WORK INSTRUCTION — Output, exactly and in full, the entries that appear below.
- - -
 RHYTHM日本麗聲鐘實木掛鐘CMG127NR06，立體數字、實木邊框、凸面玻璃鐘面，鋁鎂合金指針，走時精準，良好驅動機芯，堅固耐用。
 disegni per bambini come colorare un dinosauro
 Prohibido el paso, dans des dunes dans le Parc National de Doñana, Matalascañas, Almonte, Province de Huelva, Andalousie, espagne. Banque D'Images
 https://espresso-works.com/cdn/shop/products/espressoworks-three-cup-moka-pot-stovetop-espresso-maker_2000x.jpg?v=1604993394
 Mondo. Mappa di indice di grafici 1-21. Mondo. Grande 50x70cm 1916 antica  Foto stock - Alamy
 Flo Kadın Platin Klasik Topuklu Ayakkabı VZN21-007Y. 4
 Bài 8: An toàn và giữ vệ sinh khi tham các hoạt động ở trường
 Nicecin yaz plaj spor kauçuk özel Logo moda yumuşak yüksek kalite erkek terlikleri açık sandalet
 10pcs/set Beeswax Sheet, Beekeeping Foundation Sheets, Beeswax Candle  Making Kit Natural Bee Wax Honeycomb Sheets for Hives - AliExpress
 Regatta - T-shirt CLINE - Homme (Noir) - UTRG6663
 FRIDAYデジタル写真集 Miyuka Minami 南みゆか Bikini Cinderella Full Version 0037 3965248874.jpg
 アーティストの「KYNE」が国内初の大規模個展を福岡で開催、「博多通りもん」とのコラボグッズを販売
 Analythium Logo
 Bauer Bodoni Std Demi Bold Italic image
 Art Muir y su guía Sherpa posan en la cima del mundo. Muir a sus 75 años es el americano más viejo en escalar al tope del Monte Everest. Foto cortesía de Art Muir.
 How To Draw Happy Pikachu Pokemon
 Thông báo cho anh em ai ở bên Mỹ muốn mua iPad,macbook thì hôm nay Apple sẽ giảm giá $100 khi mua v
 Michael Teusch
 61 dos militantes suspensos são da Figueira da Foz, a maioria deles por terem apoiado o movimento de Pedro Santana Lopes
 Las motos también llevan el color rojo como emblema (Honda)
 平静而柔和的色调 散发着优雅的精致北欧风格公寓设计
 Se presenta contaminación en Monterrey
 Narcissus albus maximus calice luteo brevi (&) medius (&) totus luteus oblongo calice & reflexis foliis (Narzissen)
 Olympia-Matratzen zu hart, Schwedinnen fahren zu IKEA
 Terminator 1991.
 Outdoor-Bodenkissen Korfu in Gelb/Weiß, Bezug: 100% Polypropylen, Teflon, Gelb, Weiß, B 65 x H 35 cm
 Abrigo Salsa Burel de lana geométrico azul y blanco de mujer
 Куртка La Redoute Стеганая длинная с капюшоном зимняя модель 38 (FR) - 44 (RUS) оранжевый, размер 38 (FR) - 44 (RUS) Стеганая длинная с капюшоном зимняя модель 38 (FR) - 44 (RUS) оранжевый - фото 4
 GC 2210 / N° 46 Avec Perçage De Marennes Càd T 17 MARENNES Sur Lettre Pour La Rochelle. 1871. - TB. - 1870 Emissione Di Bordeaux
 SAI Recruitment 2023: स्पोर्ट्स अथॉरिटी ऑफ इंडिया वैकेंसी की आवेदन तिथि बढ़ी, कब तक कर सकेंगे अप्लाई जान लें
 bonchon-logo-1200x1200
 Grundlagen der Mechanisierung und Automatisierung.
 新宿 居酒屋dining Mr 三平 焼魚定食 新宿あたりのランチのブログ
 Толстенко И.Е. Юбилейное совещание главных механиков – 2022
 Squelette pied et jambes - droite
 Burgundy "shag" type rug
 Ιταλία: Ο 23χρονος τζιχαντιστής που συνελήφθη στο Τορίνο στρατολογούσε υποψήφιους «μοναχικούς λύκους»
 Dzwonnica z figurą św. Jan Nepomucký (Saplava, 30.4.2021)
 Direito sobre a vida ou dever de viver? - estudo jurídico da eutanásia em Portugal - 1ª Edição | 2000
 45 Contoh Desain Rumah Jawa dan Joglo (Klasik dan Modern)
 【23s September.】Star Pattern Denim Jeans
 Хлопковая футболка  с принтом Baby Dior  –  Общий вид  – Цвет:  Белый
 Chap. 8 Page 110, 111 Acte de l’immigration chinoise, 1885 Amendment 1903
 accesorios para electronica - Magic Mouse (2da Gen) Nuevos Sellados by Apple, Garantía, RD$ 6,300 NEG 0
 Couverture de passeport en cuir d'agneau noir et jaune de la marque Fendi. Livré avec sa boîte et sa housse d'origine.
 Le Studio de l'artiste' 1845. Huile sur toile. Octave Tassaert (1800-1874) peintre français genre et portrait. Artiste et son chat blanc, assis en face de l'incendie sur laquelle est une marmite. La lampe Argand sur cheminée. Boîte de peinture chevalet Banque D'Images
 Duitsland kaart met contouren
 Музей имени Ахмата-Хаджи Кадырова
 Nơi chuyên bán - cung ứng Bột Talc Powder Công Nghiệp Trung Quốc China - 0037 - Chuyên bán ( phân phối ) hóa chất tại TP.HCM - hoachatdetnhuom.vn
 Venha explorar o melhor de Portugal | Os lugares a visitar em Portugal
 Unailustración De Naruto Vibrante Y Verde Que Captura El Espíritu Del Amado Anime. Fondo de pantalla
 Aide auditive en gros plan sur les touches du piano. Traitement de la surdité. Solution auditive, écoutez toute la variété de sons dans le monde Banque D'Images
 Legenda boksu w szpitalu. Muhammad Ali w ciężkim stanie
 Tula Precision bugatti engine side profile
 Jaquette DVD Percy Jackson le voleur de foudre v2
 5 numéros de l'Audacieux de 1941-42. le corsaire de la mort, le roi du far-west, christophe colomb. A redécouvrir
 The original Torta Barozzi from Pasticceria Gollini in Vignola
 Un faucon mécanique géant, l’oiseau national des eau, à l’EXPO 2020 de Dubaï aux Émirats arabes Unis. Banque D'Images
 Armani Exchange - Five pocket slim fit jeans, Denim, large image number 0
- - -
SOLUTION —
 RHYTHM日本麗聲鐘實木掛鐘CMG127NR06，立體數字、實木邊框、凸面玻璃鐘面，鋁鎂合金指針，走時精準，良好驅動機芯，堅固耐用。
 disegni per bambini come colorare un dinosauro
 Prohibido el paso, dans des dunes dans le Parc National de Doñana, Matalascañas, Almonte, Province de Huelva, Andalousie, espagne. Banque D'Images
 https://espresso-works.com/cdn/shop/products/espressoworks-three-cup-moka-pot-stovetop-espresso-maker_2000x.jpg?v=1604993394
 Mondo. Mappa di indice di grafici 1-21. Mondo. Grande 50x70cm 1916 antica  Foto stock - Alamy
 Flo Kadın Platin Klasik Topuklu Ayakkabı VZN21-007Y. 4
 Bài 8: An toàn và giữ vệ sinh khi tham các hoạt động ở trường
 Nicecin yaz plaj spor kauçuk özel Logo moda yumuşak yüksek kalite erkek terlikleri açık sandalet
 10pcs/set Beeswax Sheet, Beekeeping Foundation Sheets, Beeswax Candle  Making Kit Natural Bee Wax Honeycomb Sheets for Hives - AliExpress
 Regatta - T-shirt CLINE - Homme (Noir) - UTRG6663
 FRIDAYデジタル写真集 Miyuka Minami 南みゆか Bikini Cinderella Full Version 0037 3965248874.jpg
 アーティストの「KYNE」が国内初の大規模個展を福岡で開催、「博多通りもん」とのコラボグッズを販売
 Analythium Logo
 Bauer Bodoni Std Demi Bold Italic image
 Art Muir y su guía Sherpa posan en la cima del mundo. Muir a sus 75 años es el americano más viejo en escalar al tope del Monte Everest. Foto cortesía de Art Muir.
 How To Draw Happy Pikachu Pokemon
 Thông báo cho anh em ai ở bên Mỹ muốn mua iPad,macbook thì hôm nay Apple sẽ giảm giá $100 khi mua v
 Michael Teusch
 61 dos militantes suspensos são da Figueira da Foz, a maioria deles por terem apoiado o movimento de Pedro Santana Lopes
 Las motos también llevan el color rojo como emblema (Honda)
 平静而柔和的色调 散发着优雅的精致北欧风格公寓设计
 Se presenta contaminación en Monterrey
 Narcissus albus maximus calice luteo brevi (&) medius (&) totus luteus oblongo calice & reflexis foliis (Narzissen)
 Olympia-Matratzen zu hart, Schwedinnen fahren zu IKEA
 Terminator 1991.
 Outdoor-Bodenkissen Korfu in Gelb/Weiß, Bezug: 100% Polypropylen, Teflon, Gelb, Weiß, B 65 x H 35 cm
 Abrigo Salsa Burel de lana geométrico azul y blanco de mujer
 Куртка La Redoute Стеганая длинная с капюшоном зимняя модель 38 (FR) - 44 (RUS) оранжевый, размер 38 (FR) - 44 (RUS) Стеганая длинная с капюшоном зимняя модель 38 (FR) - 44 (RUS) оранжевый - фото 4
 GC 2210 / N° 46 Avec Perçage De Marennes Càd T 17 MARENNES Sur Lettre Pour La Rochelle. 1871. - TB. - 1870 Emissione Di Bordeaux
 SAI Recruitment 2023: स्पोर्ट्स अथॉरिटी ऑफ इंडिया वैकेंसी की आवेदन तिथि बढ़ी, कब तक कर सकेंगे अप्लाई जान लें
 bonchon-logo-1200x1200
 Grundlagen der Mechanisierung und Automatisierung.
 新宿 居酒屋dining Mr 三平 焼魚定食 新宿あたりのランチのブログ
 Толстенко И.Е. Юбилейное совещание главных механиков – 2022
 Squelette pied et jambes - droite
 Burgundy "shag" type rug
 Ιταλία: Ο 23χρονος τζιχαντιστής που συνελήφθη στο Τορίνο στρατολογούσε υποψήφιους «μοναχικούς λύκους»
 Dzwonnica z figurą św. Jan Nepomucký (Saplava, 30.4.2021)
 Direito sobre a vida ou dever de viver? - estudo jurídico da eutanásia em Portugal - 1ª Edição | 2000
 45 Contoh Desain Rumah Jawa dan Joglo (Klasik dan Modern)
 【23s September.】Star Pattern Denim Jeans
 Хлопковая футболка  с принтом Baby Dior  –  Общий вид  – Цвет:  Белый
 Chap. 8 Page 110, 111 Acte de l’immigration chinoise, 1885 Amendment 1903
 accesorios para electronica - Magic Mouse (2da Gen) Nuevos Sellados by Apple, Garantía, RD$ 6,300 NEG 0
 Couverture de passeport en cuir d'agneau noir et jaune de la marque Fendi. Livré avec sa boîte et sa housse d'origine.
 Le Studio de l'artiste' 1845. Huile sur toile. Octave Tassaert (1800-1874) peintre français genre et portrait. Artiste et son chat blanc, assis en face de l'incendie sur laquelle est une marmite. La lampe Argand sur cheminée. Boîte de peinture chevalet Banque D'Images
 Duitsland kaart met contouren
 Музей имени Ахмата-Хаджи Кадырова
 Nơi chuyên bán - cung ứng Bột Talc Powder Công Nghiệp Trung Quốc China - 0037 - Chuyên bán ( phân phối ) hóa chất tại TP.HCM - hoachatdetnhuom.vn
 Venha explorar o melhor de Portugal | Os lugares a visitar em Portugal
 Unailustración De Naruto Vibrante Y Verde Que Captura El Espíritu Del Amado Anime. Fondo de pantalla
 Aide auditive en gros plan sur les touches du piano. Traitement de la surdité. Solution auditive, écoutez toute la variété de sons dans le monde Banque D'Images
 Legenda boksu w szpitalu. Muhammad Ali w ciężkim stanie
 Tula Precision bugatti engine side profile
 Jaquette DVD Percy Jackson le voleur de foudre v2
 5 numéros de l'Audacieux de 1941-42. le corsaire de la mort, le roi du far-west, christophe colomb. A redécouvrir
 The original Torta Barozzi from Pasticceria Gollini in Vignola
 Un faucon mécanique géant, l’oiseau national des eau, à l’EXPO 2020 de Dubaï aux Émirats arabes Unis. Banque D'Images
 Armani Exchange - Five pocket slim fit jeans, Denim, large image number 0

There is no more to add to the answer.